DATASETS_PATH:  ..\..\datasets


In [3]:
class Encoder(nn.Module):
    def __init__(self):
        super().__init__()
        self.l1 = nn.Sequential(nn.Linear(28 * 28, 64), nn.ReLU(), nn.Linear(64, 3))

    def forward(self, x):
        return self.l1(x)

class Decoder(nn.Module):
    def __init__(self):
        super().__init__()
        self.l1 = nn.Sequential(nn.Linear(3, 64), nn.ReLU(), nn.Linear(64, 28 * 28))

    def forward(self, x):
        return self.l1(x)

In [4]:
class LitAutoEncoder(pl.LightningModule):
    def __init__(self, encoder, decoder):
        super().__init__()
        self.encoder = encoder
        self.decoder = decoder
        self.save_hyperparameters()

    def training_step(self, batch, batch_idx):
        # training_step defines the train loop.
        x, y = batch
        x = x.view(x.size(0), -1)
        z = self.encoder(x)
        x_hat = self.decoder(z)
        loss = F.mse_loss(x_hat, x)
        return loss
    
    def test_step(self, batch, batch_idx):
        # this is the test loop
        x, y = batch
        x = x.view(x.size(0), -1)
        z = self.encoder(x)
        x_hat = self.decoder(z)
        test_loss = F.mse_loss(x_hat, x)
        self.log("test_loss", test_loss)
    
    def validation_step(self, batch, batch_idx):
        # this is the validation loop
        x, y = batch
        x = x.view(x.size(0), -1)
        z = self.encoder(x)
        x_hat = self.decoder(z)
        val_loss = F.mse_loss(x_hat, x)
        self.log("val_loss", val_loss)
        return {"val_loss": val_loss}

    def configure_optimizers(self):
        optimizer = torch.optim.Adam(self.parameters(), lr=1e-3)
        return optimizer
    
    def forward(self, x):
#         x = torch.Tensor(x)
#         x = [torch.Tensor(x_) for x_ in x]
        
        x = x.view(x.size(0), -1)
        z = self.encoder(x)
        x_hat = self.decoder(z)
        return x_hat
    
    def predict_step(self, batch, batch_idx, dataloader_idx=0):
        for b in batch:
            return self(b)

In [5]:
# model
autoencoder = LitAutoEncoder(Encoder(), Decoder())

# initialize the Trainer
trainer = pl.Trainer(limit_train_batches=100, limit_test_batches=10, limit_val_batches=10,
                     max_epochs=1, profiler="simple")
print('trainer.default_root_dir: ', trainer.default_root_dir)

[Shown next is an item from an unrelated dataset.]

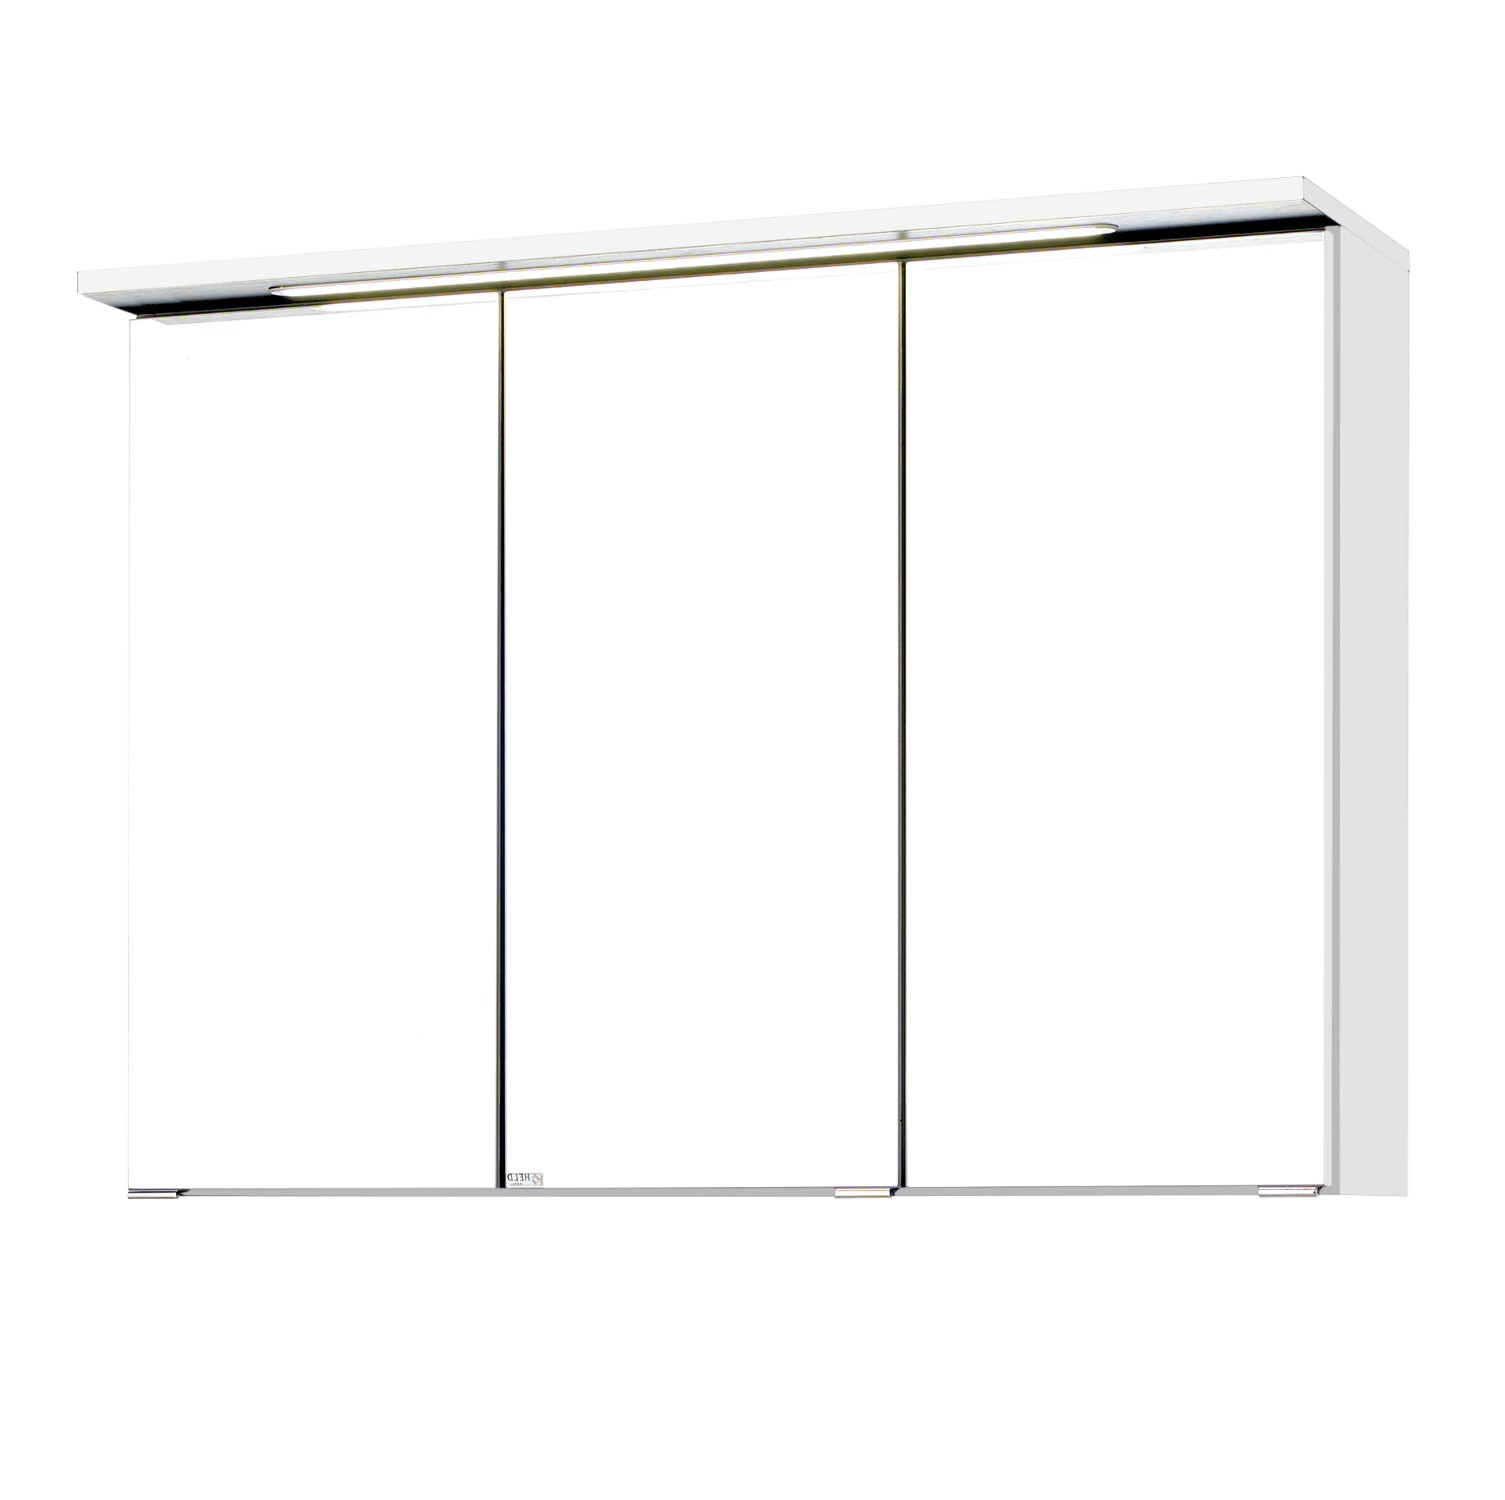 badezimmerspiegel bologna spiegelschrank 3d badspiegel led 90cm weiss ebay. Black Bedroom Furniture Sets. Home Design Ideas
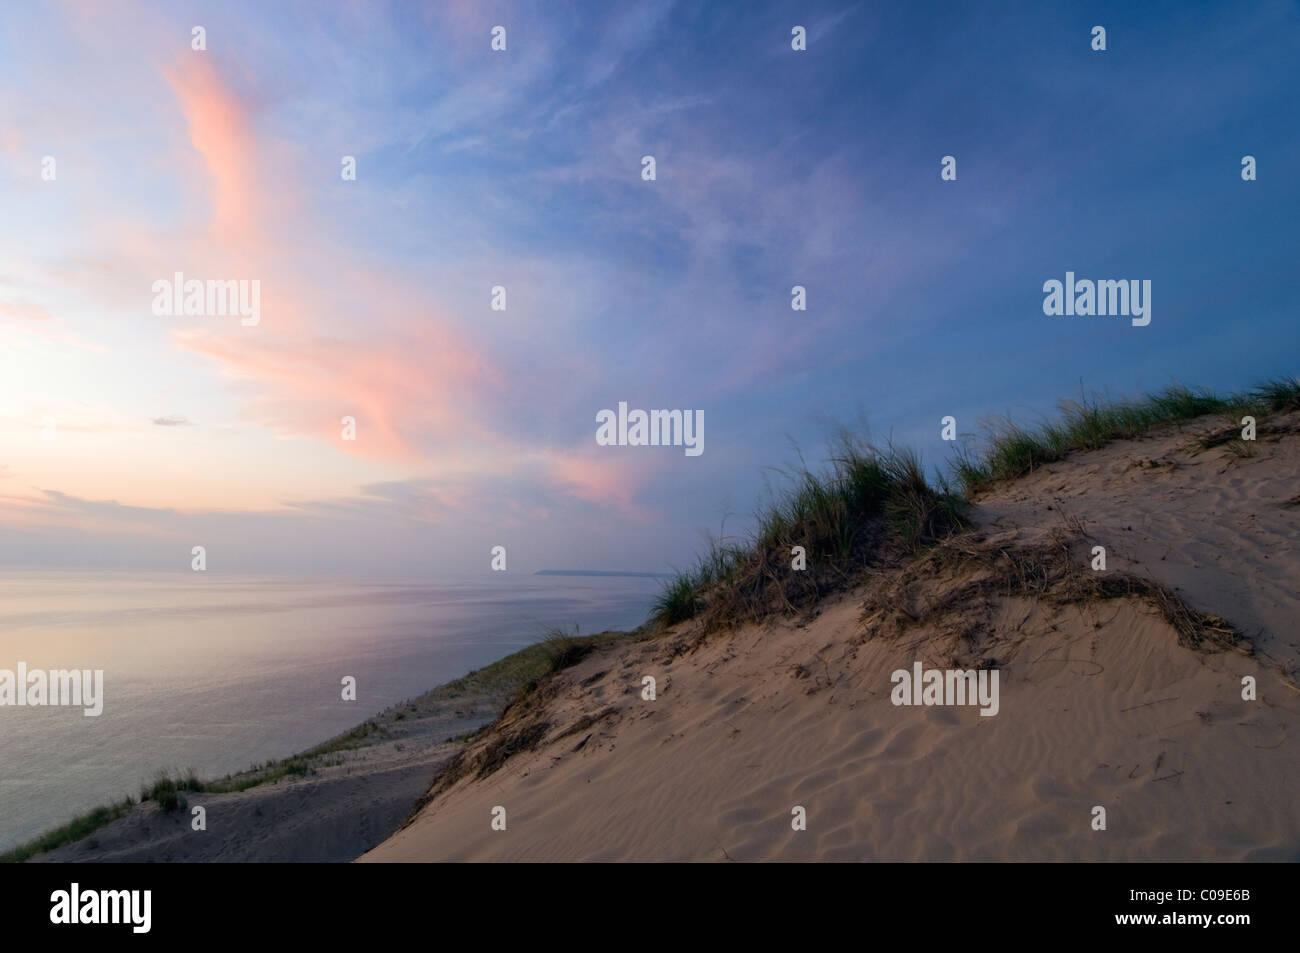 Sunset over Lake Michigan at Sleeping Bear Dunes National Lakeshore, Michigan - Stock Image

train_loader = DataLoader(train_set)
valid_loader = DataLoader(valid_set)

# train model
trainer.fit(model=autoencoder, train_dataloaders=train_loader)


  rank_zero_warn(
  rank_zero_warn(
GPU available: True (cuda), used: True
TPU available: False, using: 0 TPU cores
IPU available: False, using: 0 IPUs
HPU available: False, using: 0 HPUs


trainer.default_root_dir:  C:\Users\GyanT\Documents\GitHub\Artificial-Neural-Network\PyTorchLightning


  rank_zero_warn(
Missing logger folder: C:\Users\GyanT\Documents\GitHub\Artificial-Neural-Network\PyTorchLightning\lightning_logs
LOCAL_RANK: 0 - CUDA_VISIBLE_DEVICES: [0]

  | Name    | Type    | Params
------------------------------------
0 | encoder | Encoder | 50.4 K
1 | decoder | Decoder | 51.2 K
------------------------------------
101 K     Trainable params
0         Non-trainable params
101 K     Total params
0.407     Total estimated model params size (MB)
  rank_zero_warn(


Training: 0it [00:00, ?it/s]

`Trainer.fit` stopped: `max_epochs=1` reached.
FIT Profiler Report

---------------------------------------------------------------------------------------------------------------------------------------------------------------------------------------------------------------------------------------------------------------------------
|  Action                                                                                                                                                        	|  Mean duration (s)	|  Num calls      	|  Total time (s) 	|  Percentage %   	|
---------------------------------------------------------------------------------------------------------------------------------------------------------------------------------------------------------------------------------------------------------------------------
|  Total                                                                                                                                                  

In [6]:
# train with both splits
trainer.fit(autoencoder, train_loader, valid_loader)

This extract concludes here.